Sunday, November 25, 2007

Dishes Served on Thanksgiving.

arroz con gandules
For Thanksgiving, we prepared the traditional fare:

Roast Turkey with sage under the skin for extra flavor.

Fresh cranberry and orange relish

Homemade mashed potatoes

Homemade giblet gravy (my husband makes it deliciously!!!)

Green Bean Casserole

Homemade fresh pumpkin pie

Boxed stuffing made semi-homemade (I'm stealing that phrase from Sandra Lee) by sauteeing minced celery and onions in butter before adding the water.

Sauteed mushrooms

Candied yams with cinnamon stick

Stuffed mushrooms

Broccoli with garlic vinaigrette.

I thought we would have plenty of leftovers. Not so. But I did manage to have my husband keep from tossing the turkey carcass away so I could make Jook (Chinese rice soup).

Now my mom's menu was almost identical to mine with the exception of Arroz con Gandules. When she told me she had made this, wise guy that I am I retorted, "Well, that's sure an All-American dish!" But my mom explained to me that my brother's girlfriend is a vegetarian. I thought that was mighty nice of my mom to make that dish for her.

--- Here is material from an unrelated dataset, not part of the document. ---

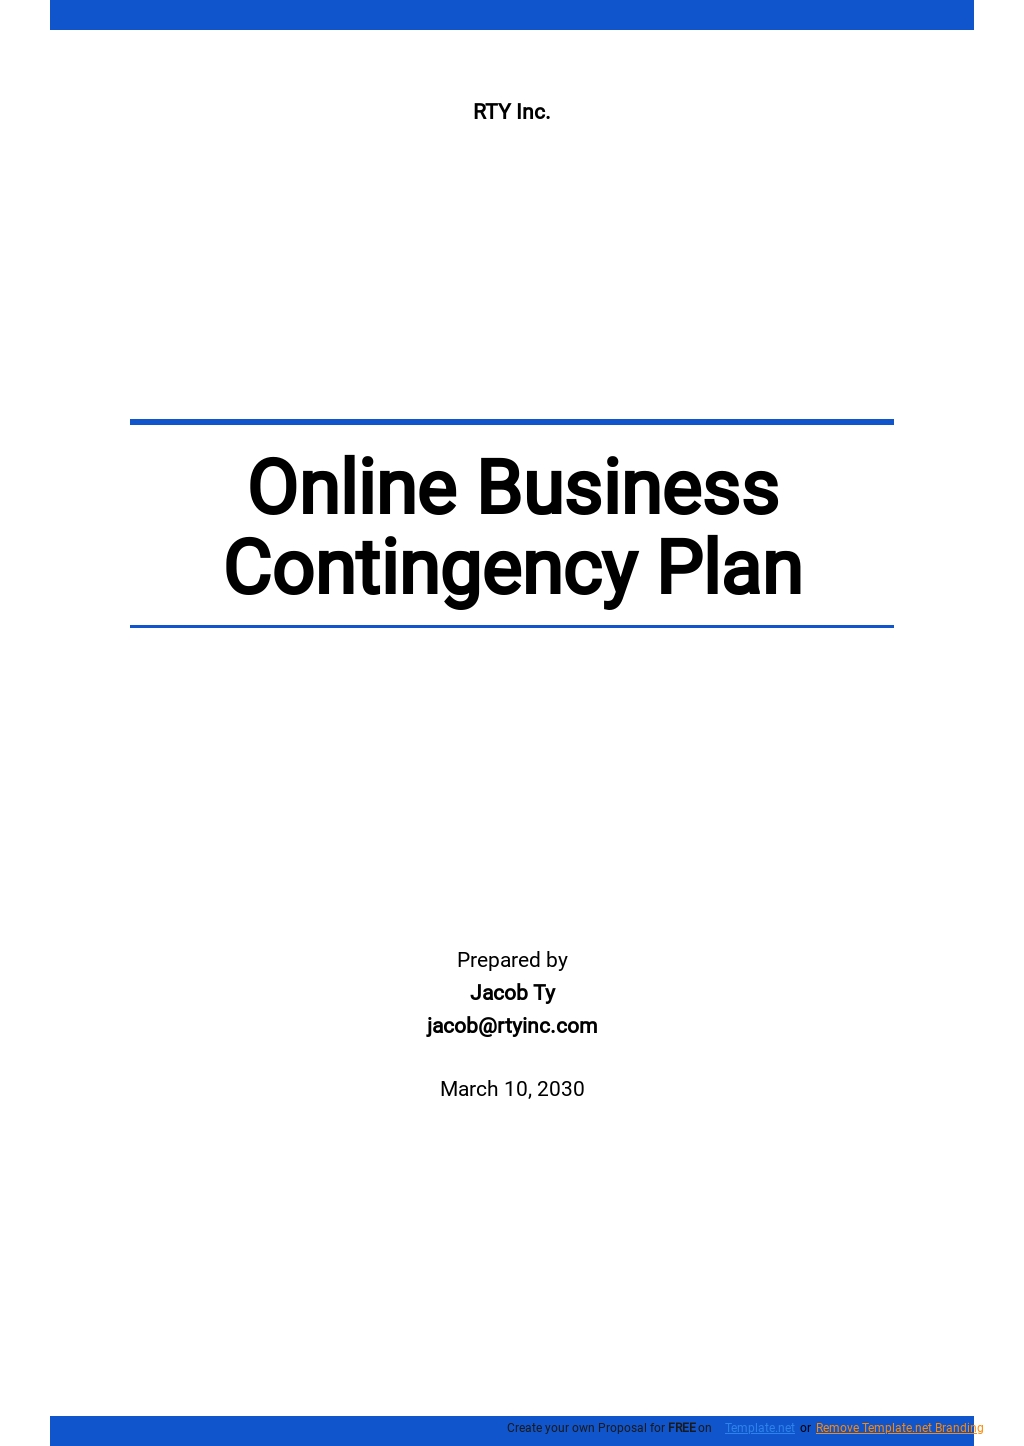 Online Business Contingency Plan Template.jpe
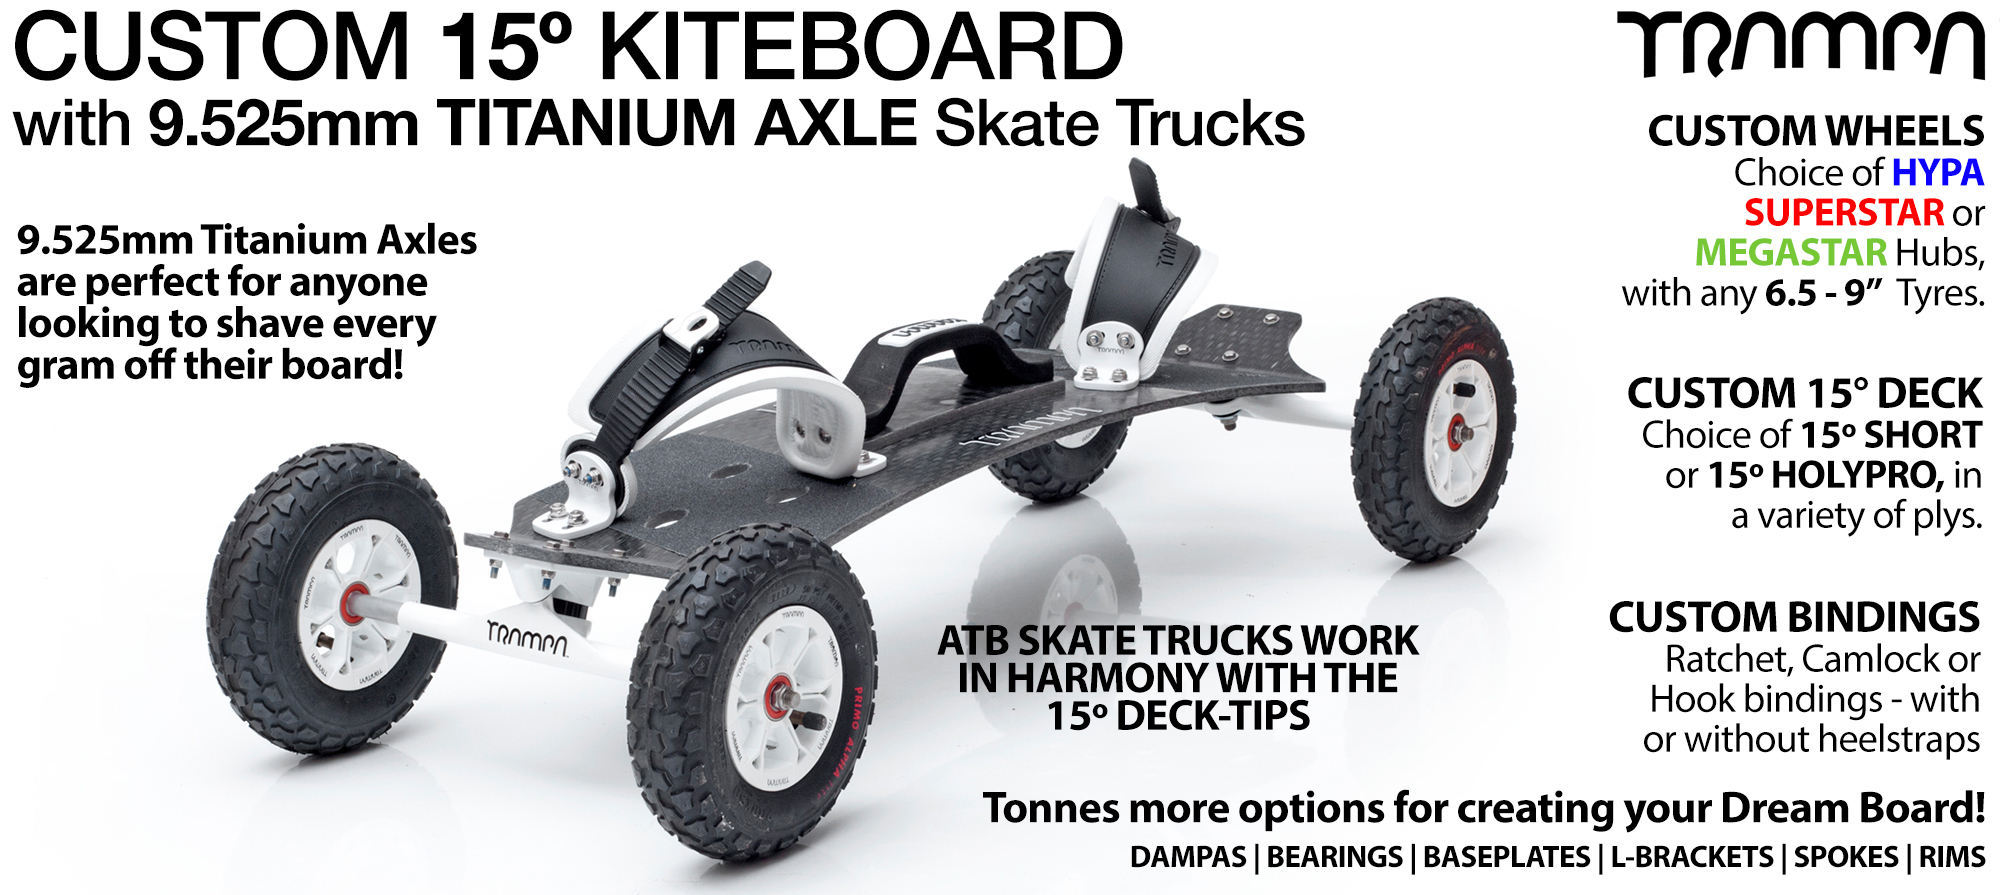 15° HOLYPRO TRAMPA Kiteboard - 9.525mm TITANIUM Axle Skate Trucks SUPERSTAR Wheels & CAMLOCK Bindings

My family may not be Puerto Rican but the dish my mom selected is an important part of a Hispanic family's comfort food...rice and beans.

Which brings me to another non-traditional Thanksgiving Day recipe. My friend Sue shared the following article with me:

Thanksgiving With a Lebanese Twist

She knows her way around a Thanksgiving feast, but it might not be quite what you'd expect.
"I talked to people about their Thanksgivings, and they'd say theirs was pretty traditional," Curtin says. "And then they'd start telling me all sorts of different things they serve."

Sauerkraut in the Baltimore area, for instance.

"Where you are and where you come from shows up," she says. "There are strong immigrant roots at the table..."

Serves 8 to 10
2 tablespoons canola or corn oil
1 pound ground beef or lamb
2 cups long-grain rice, rinsed and drained
3 cups chicken, beef, lamb broth or water
1-2 teaspoons salt (to taste)
1 teaspoon black pepper
½ teaspoon ground cinnamon
½ teaspoon ground cumin
½ teaspoon ground nutmeg
¼ cup coarsely chopped canned chestnuts
¼ cup blanched, peeled almonds
¼ cup pine nuts
¼ cup shelled pistachios
¼ cup golden raisins

Place 1 tablespoon of the oil in a large saucepan over medium heat. Add the ground meat and cook, stirring often until the meat is brown, about 5 to 7 minutes. Stir in rice, broth, 1 teaspoon salt, pepper, cinnamon, cumin and nutmeg. Reduce heat to low, cover, and simmer, stirring every 10 minutes. Continue to cook rice, covered, until water is absorbed and rice is tender, about 25 to 30 minutes. During the cooking, add ¼ cup water or more as needed if all water is absorbed before rice is done. Add more salt if necessary.

Place remaining tablespoon of oil in a frying pan over medium heat. Stir in chestnuts. Then stir in the almonds, pine nuts, and pistachios. Cook and stir for several minutes, until nuts are lightly browned. Stir in raisins and remove from heat. Serve on its own platter, sprinkled with the browned nuts.